К тому моменту З. уже бросил Школу раввинов. Она же училась на четвертом курсе юрфака, была секретарем партбюро курса. И при этом работала: надо было платить за комнату. Оба всей душой верили в новый строй, который осудил нацизм и обещал людям светлые перспективы: им двоим, в частности, безопасность и спокойную научную карьеру.
Поженились они в декабре тысяча девятьсот сорок девятого; на регистрации присутствовали двое коллег с его стороны и несколько сокурсников — с ее. Он в своем тесном черном костюме одновременно потел и зяб. Когда регистраторша велела молодоженам надеть друг другу кольца, ему вспомнилась первая свадьба, состоявшаяся двенадцать лет тому назад, свадебный шатер, зардевшееся лицо невесты под фатой. У него вдруг перехватило дыхание, и, растерявшись, он попытался было надеть невесте кольцо на указательный палец, как принято по еврейским обычаям.
В начале пятидесятых они, затаив дыхание, следили, что происходит вокруг. Университет давал им некоторую защищенность; хотя преподавание было втиснуто в тесные идеологические рамки, оба, к счастью, в это время не занимали высоких постов, а потому и не были в фокусе пристального внимания. Он тогда еще не вступил в партию, а жена давно уже не была секретарем, так что никто их пока не трогал.
Осенью тысяча девятьсот пятьдесят шестого они с осторожным оптимизмом прислушивались к дискуссиям в Кружке Петефи, к требованиям развивать демократию; но после двадцать третьего октября почти не выходили из своей квартиры на улице Пожони. Доносившиеся звуки стрельбы повергали их в отчаяние; а после того, как стало известно о линчеваниях на площади Республики, они тоже пришли к выводу, что в стране происходит контрреволюция и надо готовиться к самому худшему.
За те страшные двенадцать дней им пришлось многое переоценить, передумать. Впервые после семилетнего перерыва он зашел в Школу раввинов, ничего не сказав об этом жене. Он сам точно не знал, что он хотел сказать новому директору: то ли предложить свои услуги, то ли просто выразить солидарность, мол, смотрите, на чьей я стороне в этот тяжелый момент. Ясно было одно: его встревожили вести (приходящие из провинции) о пока еще не слишком серьезных антисемитских выходках, и он хотел из компетентного источника знать, как сами евреи оценивают свое положение. Побеседовав с глазу на глаз, они с директором договорились, что через пару недель он придет снова, и тогда, если ситуация того потребует, обсудят вопрос, не стоит ли ему, сохранив за собой университетскую должность, вернуться в Школу хотя бы почасовиком. Следующая встреча так и не состоялась; З. позвонил директору из уличного автомата и сказал: в данных обстоятельствах его предложение теряет смысл.
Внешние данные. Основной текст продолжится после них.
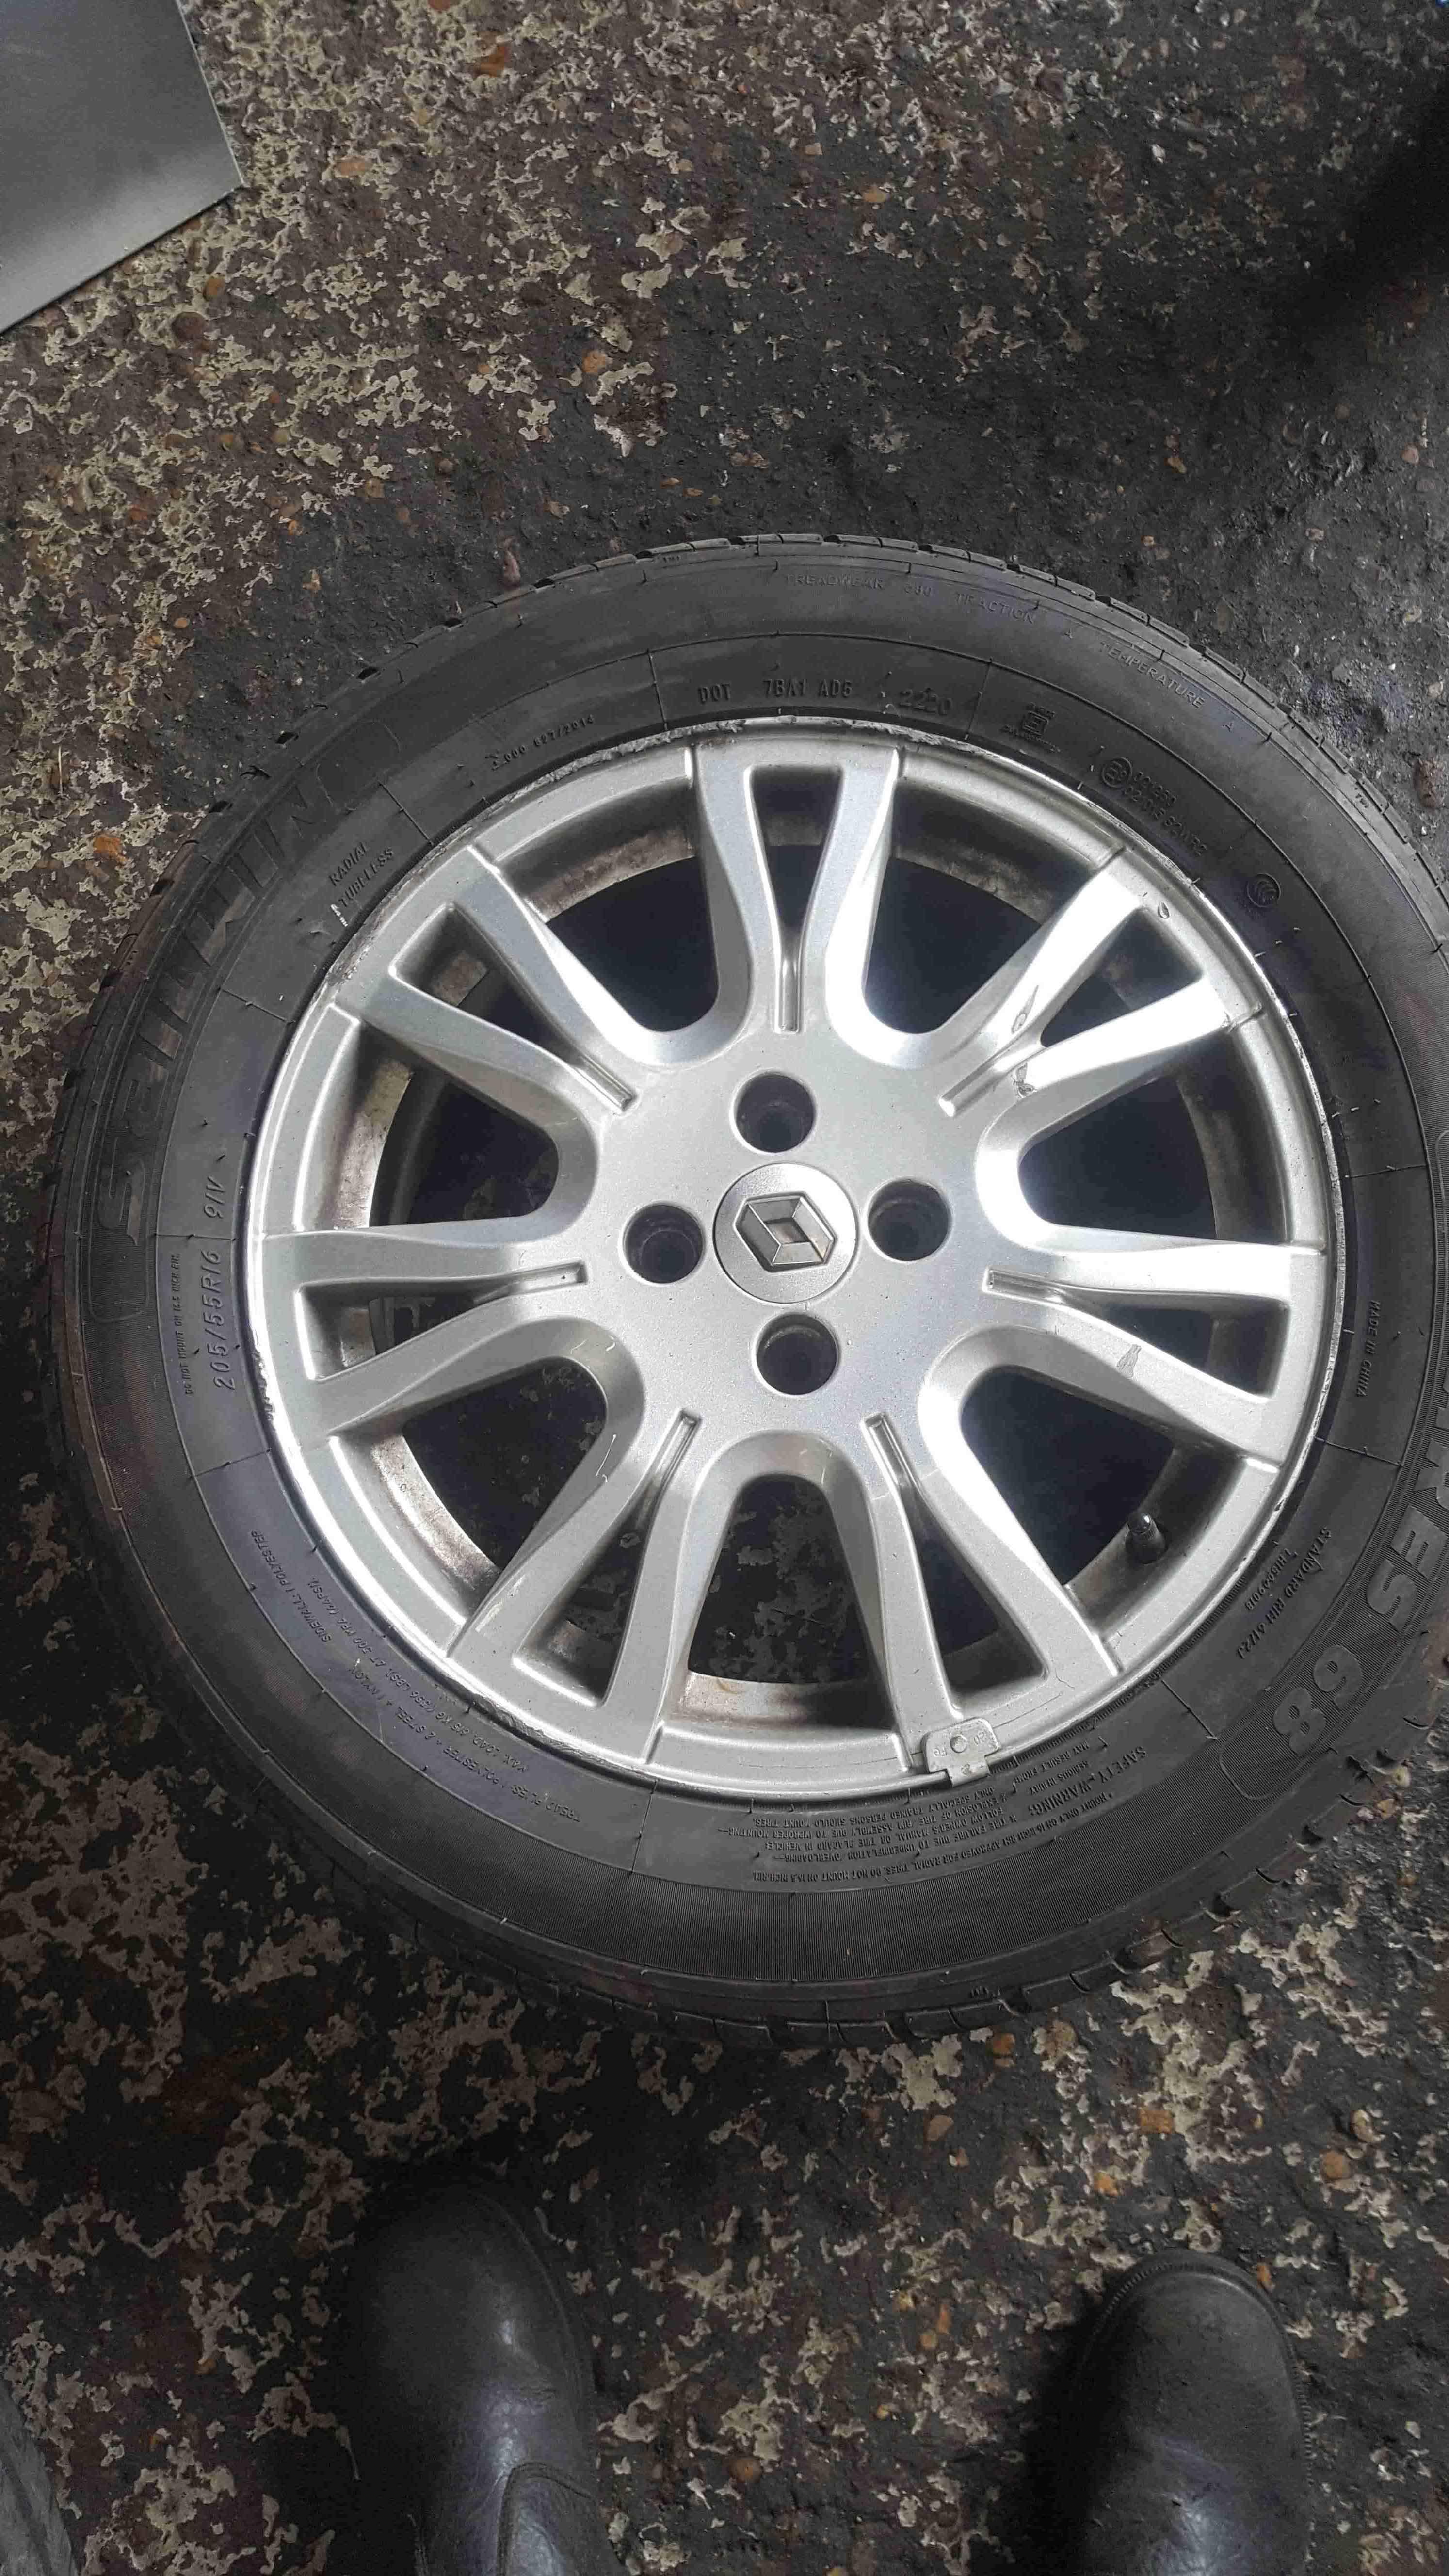 Renault Megane 2002-2008 Ozedia Alloy Wheel 16inch + Tyre 205 55 16 5mm Tread

В декабре пятьдесят шестого для З. открылась еще одна перспектива: ему предложили занять освободившееся место бернского раввина. В письме, присланном через посольство Швейцарии, сообщалось: на этот пост его рекомендует директор Школы раввинов, а также колония венгерских евреев в Берне; кроме того, если захочет, он сможет вести преподавательскую работу на кафедре иудаики в Бернском университете. Предложение было более чем заманчивым, и он всерьез задумался над ним. Он знал, что будет достойно выглядеть в любом западном университете. Однако жена даже в самые тяжелые дни и слышать не хотела о том, чтобы уехать из Венгрии: ее научному росту эмиграция совершенно точно нанесла бы непоправимый урон.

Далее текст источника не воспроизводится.